» **WHAT IS NEEDED**:
Look below for the line with "Al Pacino, Automobile, actor, skin". Retype it and every line after it to the end, exactly, but leave out the pictures.

» **DATA BLOCK**:
BEGIN

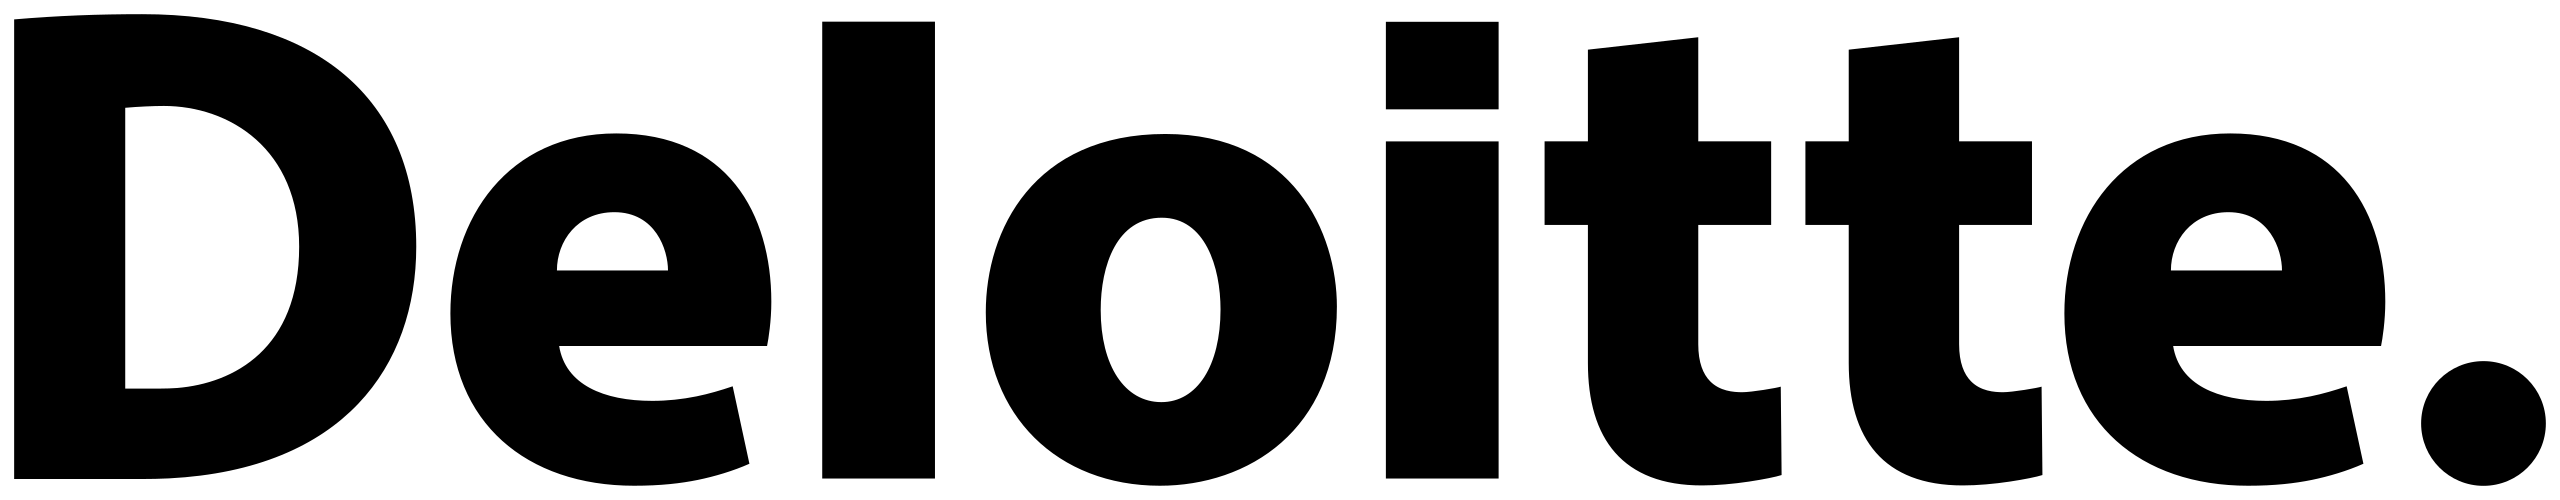 Deloitte_Deutschland_logo.svg
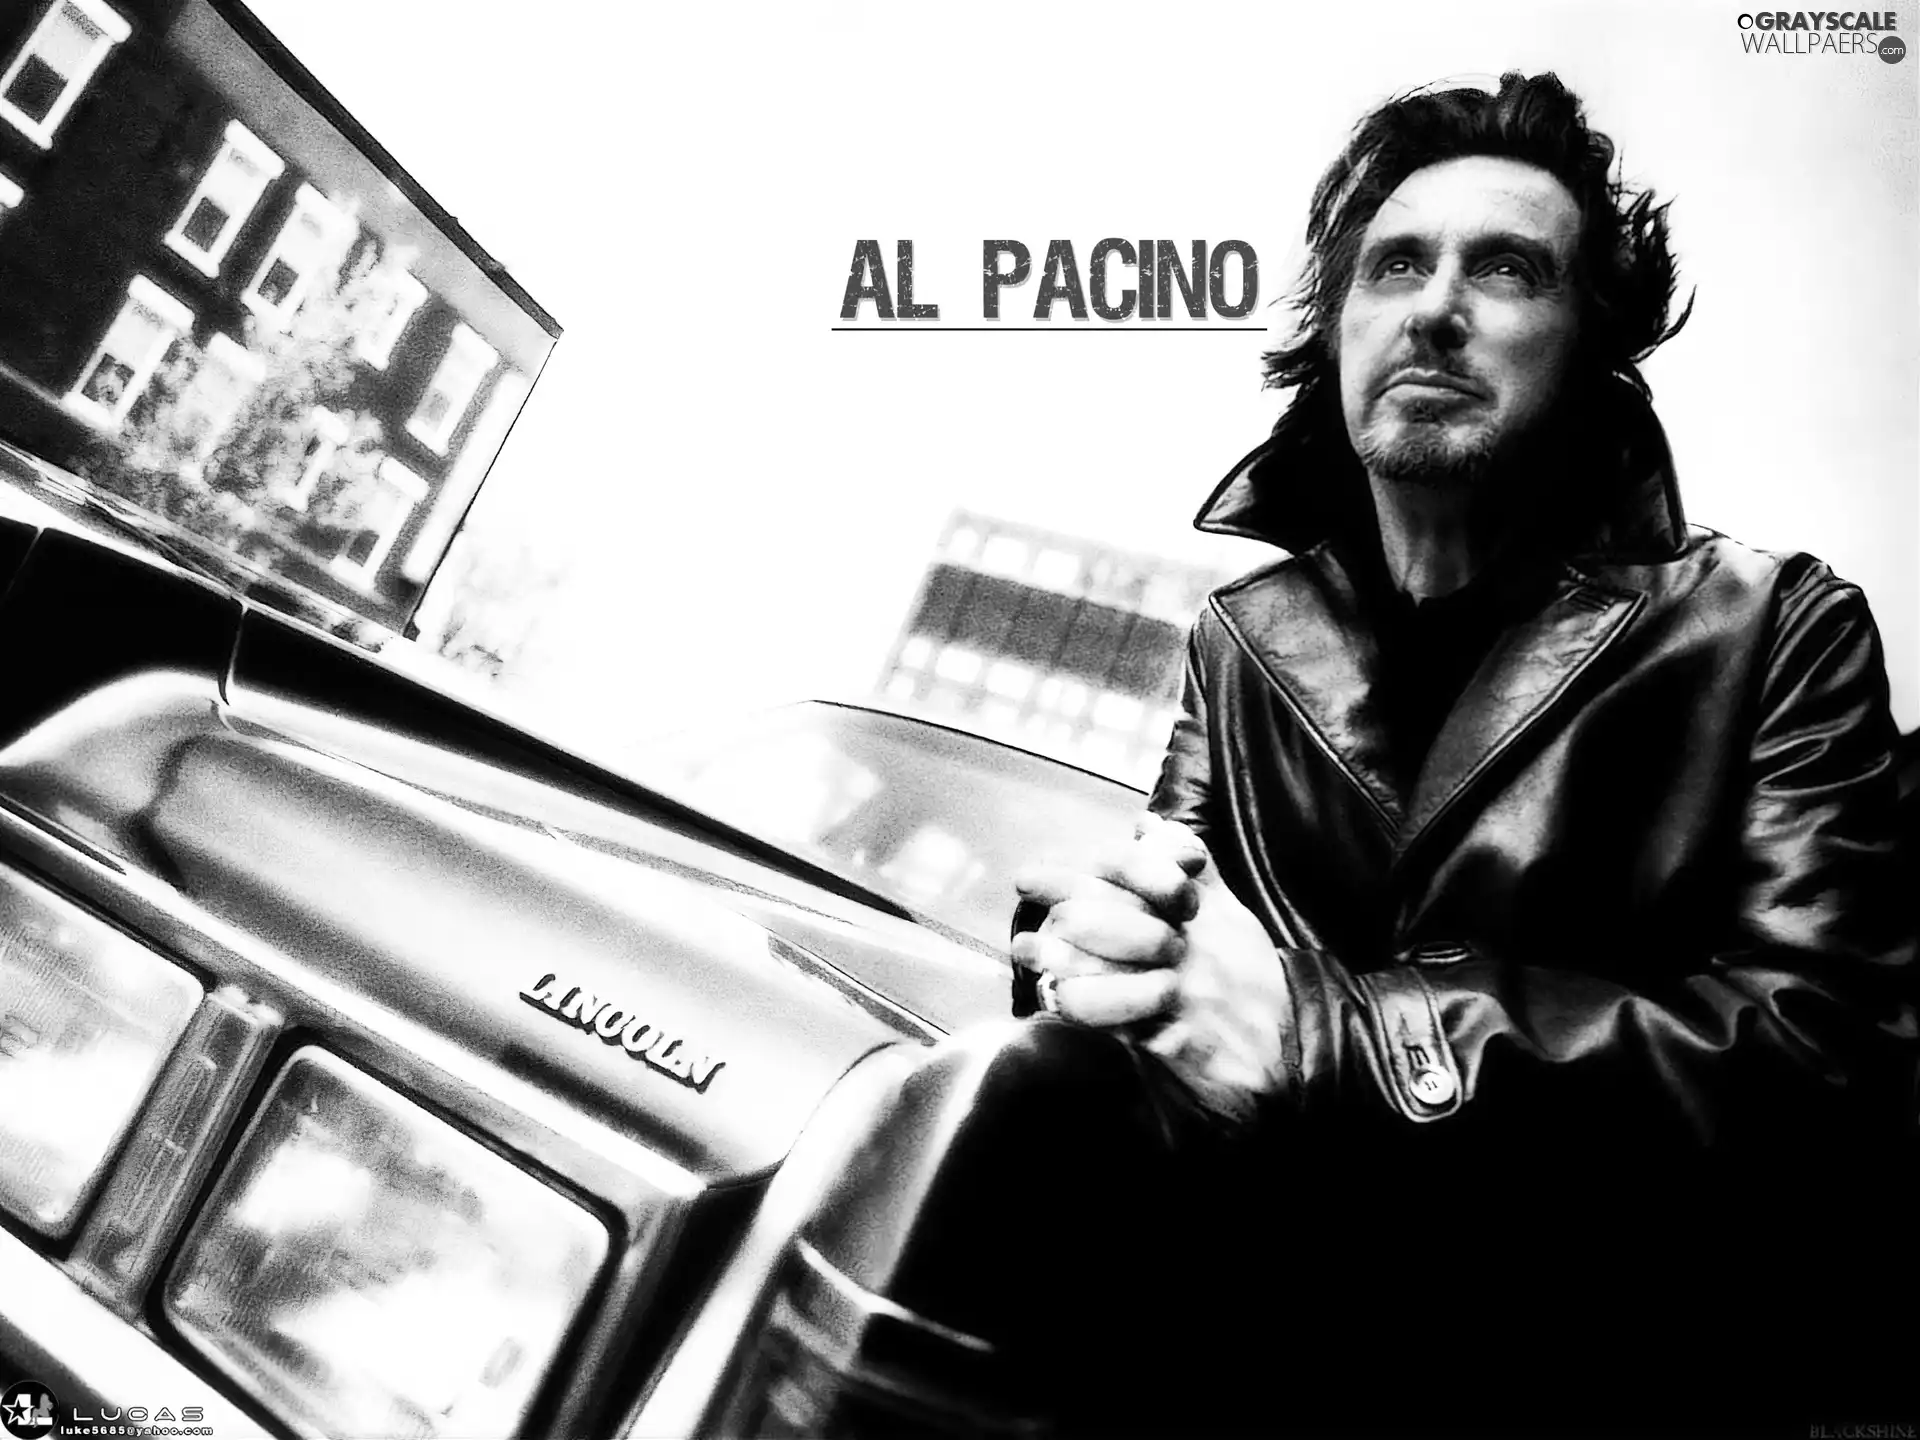 Al Pacino, Automobile, actor, skin
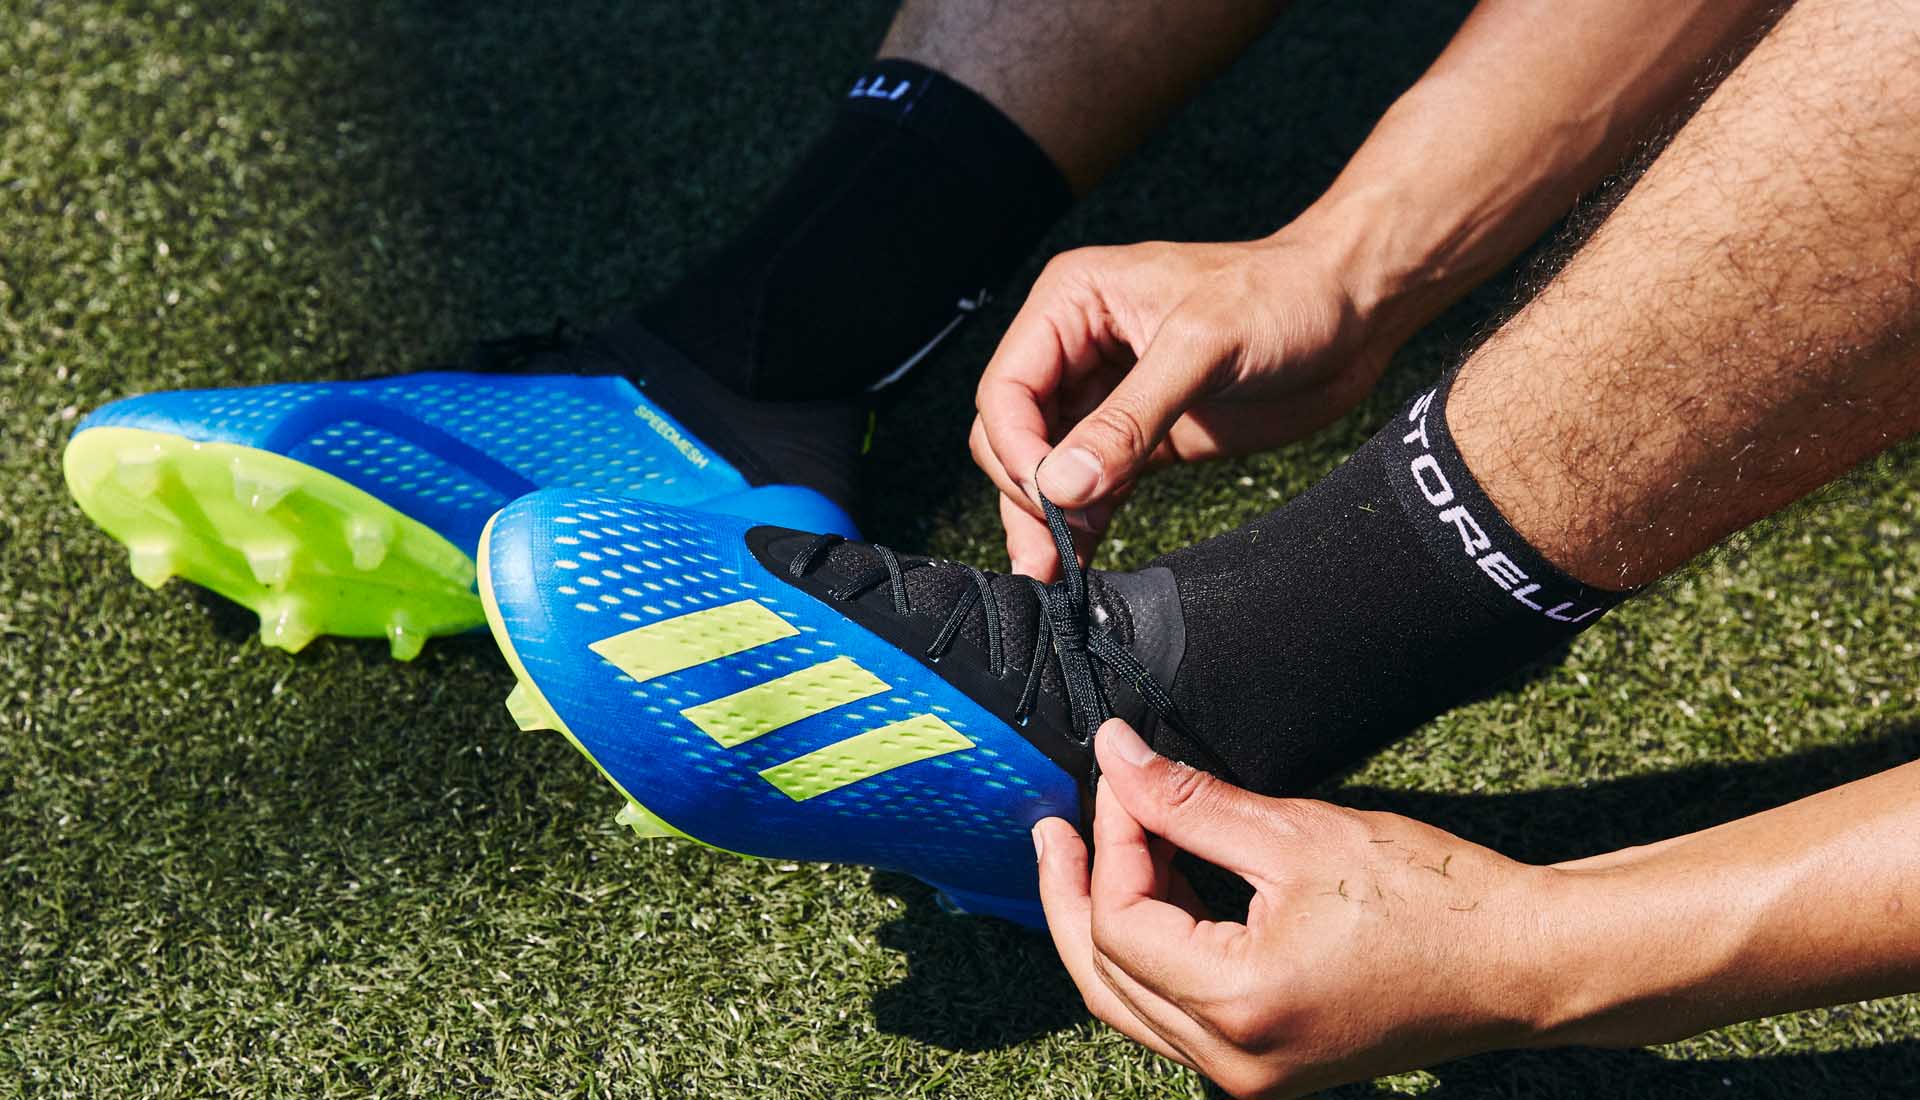 Giày đá bóng Adidas X18.1 đã được ra mắt với rất nhiều gam màu đẹp mắt

END

» **RESPONSE FOR THIS EXERCISE**:
 Al Pacino, Automobile, actor, skin
 Giày đá bóng Adidas X18.1 đã được ra mắt với rất nhiều gam màu đẹp mắt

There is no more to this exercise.